Ce ne serait pas méconnaître Thugut que de lui attribuer ce dessein ; mais ce serait, paraît-il, le calomnier, car on n’a point de preuves. Tout indique, au contraire, que cet état d’esprit régnait autour de l’archiduc Charles. Ce prince fut pris d’une crise de la maladie nerveuse à laquelle il était sujet ; elle le força à abandonner, du 14 au 25 avril, l’exercice du commandement. Le général Schmidt le suppléa.

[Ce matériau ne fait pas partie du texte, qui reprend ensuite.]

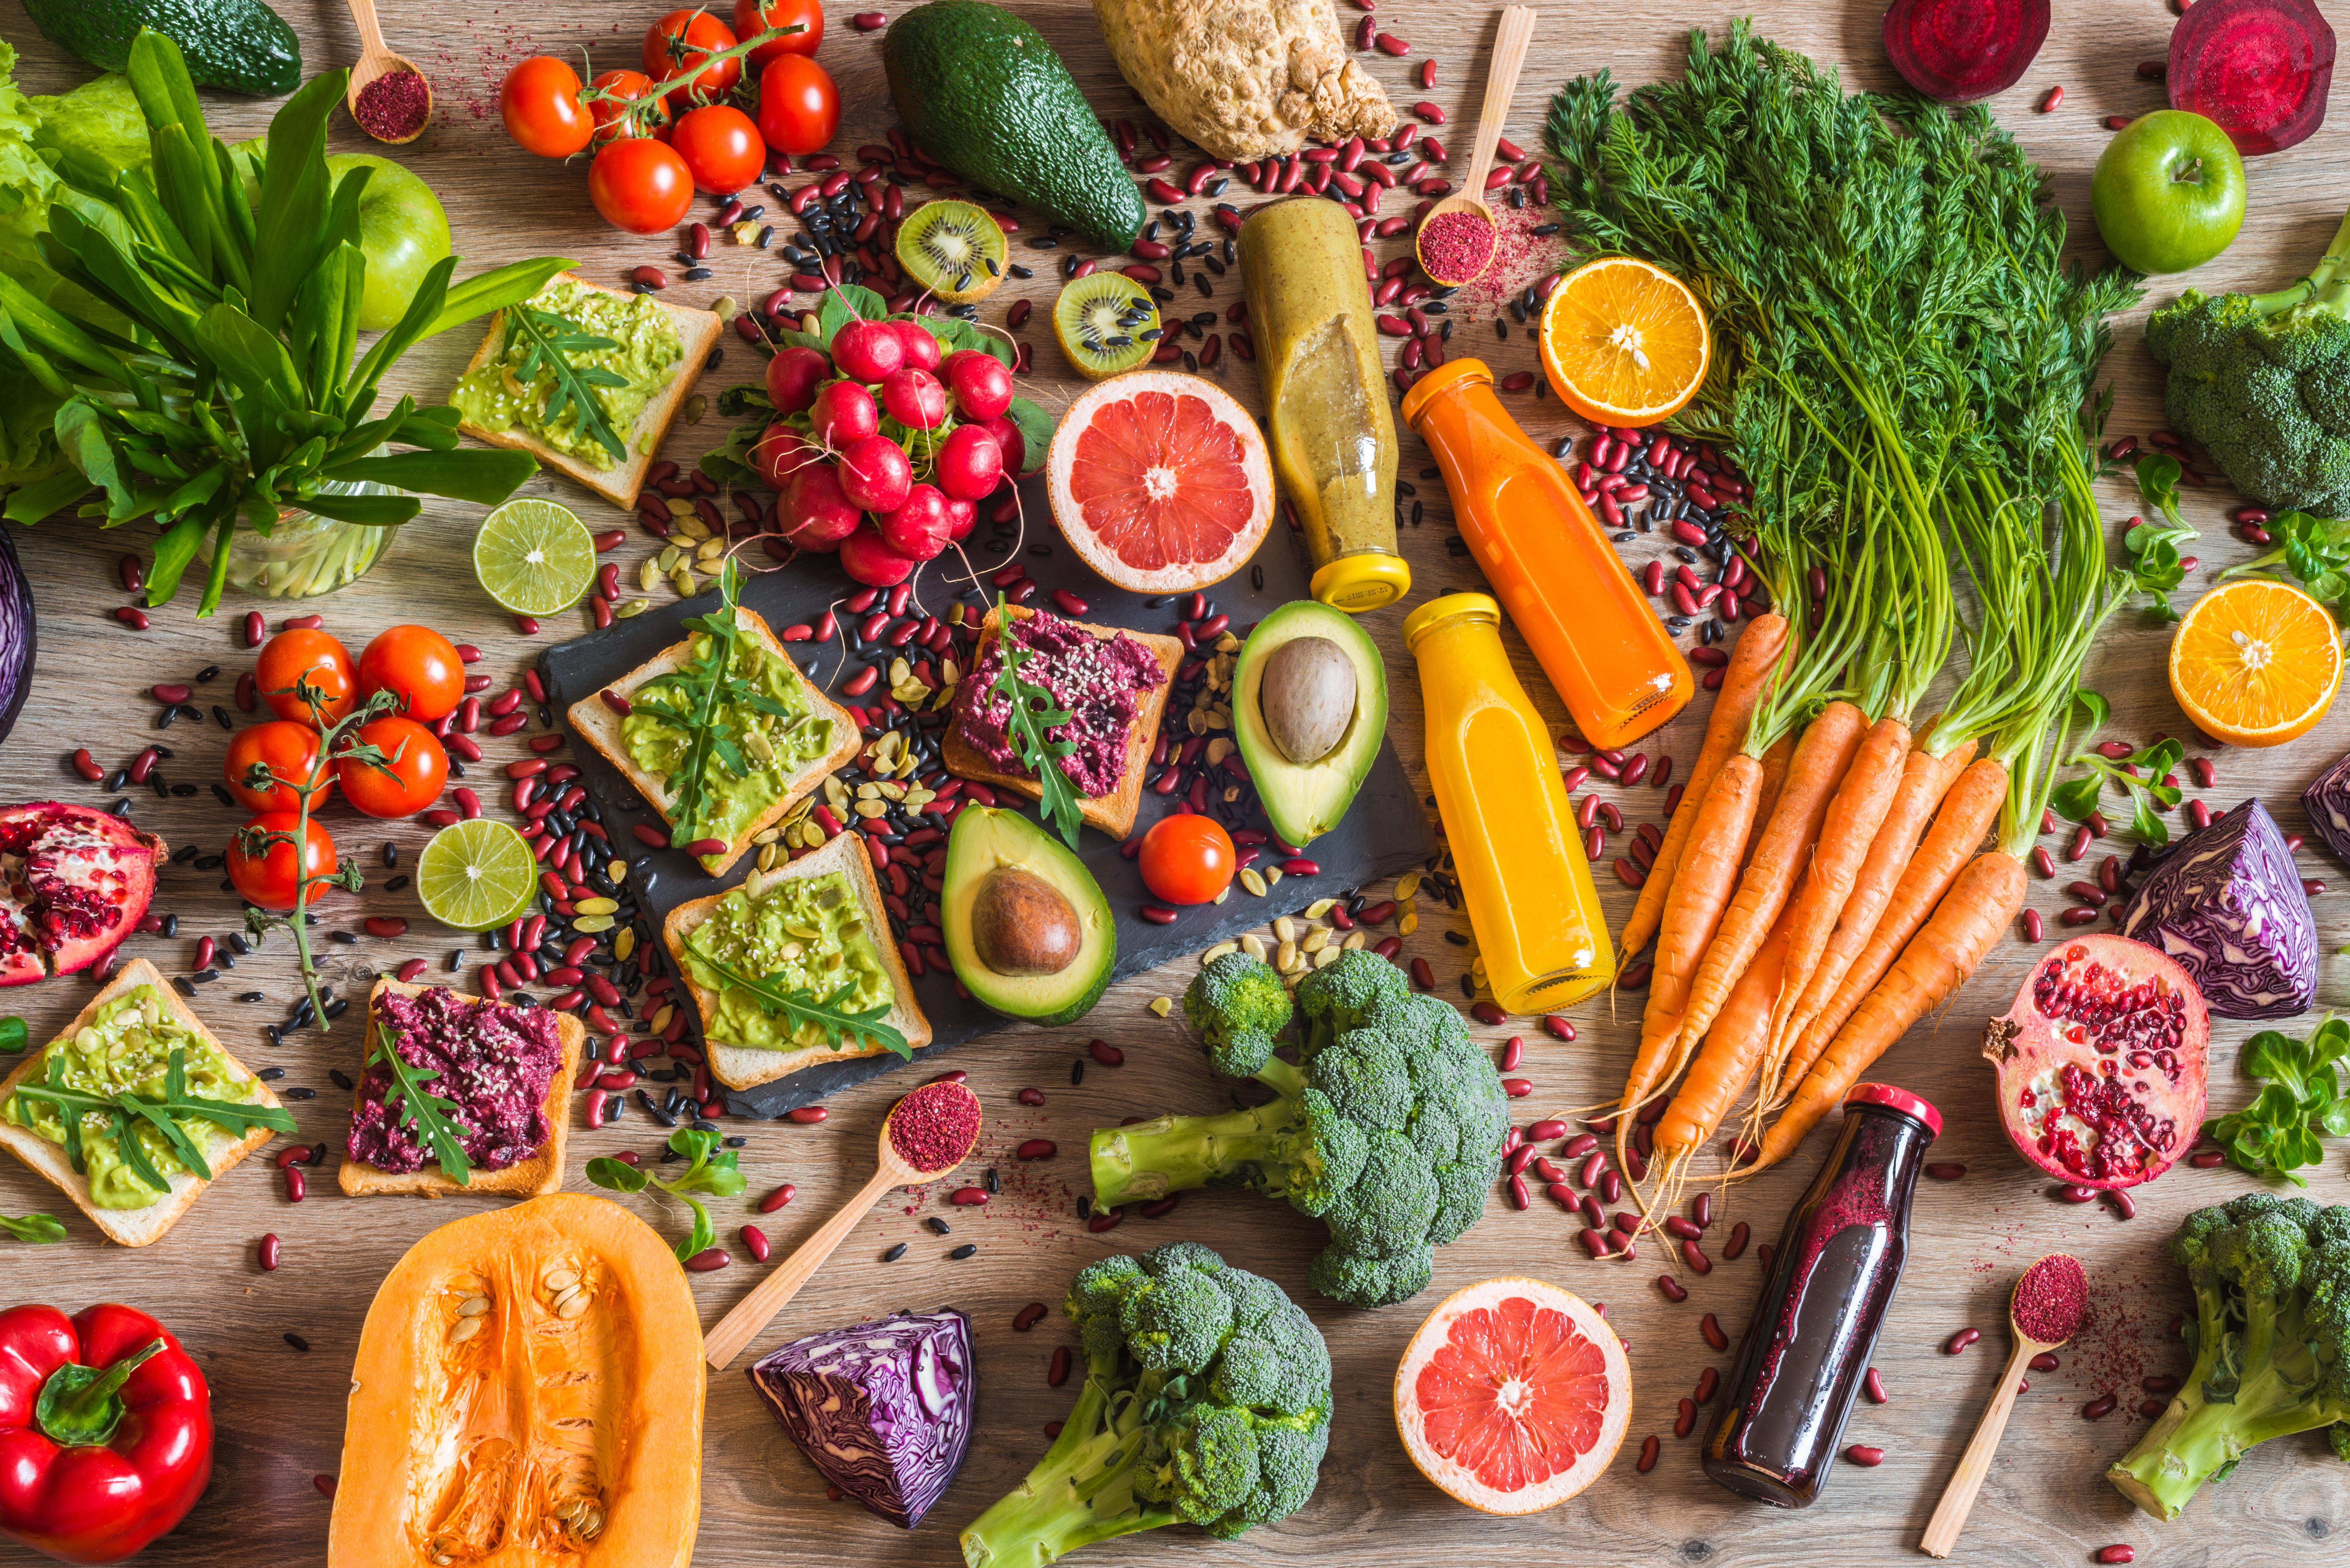 What Is the Best Diet to Lose Weight l Best Meal Plan for Weight Loss l Most popular diets for everyone l Mediterranean Diet l DASH Diet l Weight Watchers Diet l Volumetrics Diet l Ornish Diet l Vegan Diet

Cet officier écrivit, vers le 15 avril, au lieutenant-colonel Mayer de Heldensfeld, chef d’état-major du général Kospoth, commandant de l’avant-garde, une lettre où il dénonçait, avec l’emportement de sa haine et de son mépris pour les républicains, la conduite hostile des Français, à Rastadt, leur espionnage, leurs complots avec des agens accrédités en Allemagne ; il exprima l’opinion qu’on en trouverait la preuve dans leurs papiers, le vœu qu’on s’emparât de ces papiers, qu’on arrêtât les courriers français, peut-être même les ministres. Etaient-ce des insinuations, étaient-ce des ordres ? Comme les discours de Schmidt étaient conformes à l’intérêt de l’état-major et répondaient aux passions des officiers, le colonel Mayer les interpréta, très volontiers, comme des instructions, et les transforma en mesures formelles d’exécution.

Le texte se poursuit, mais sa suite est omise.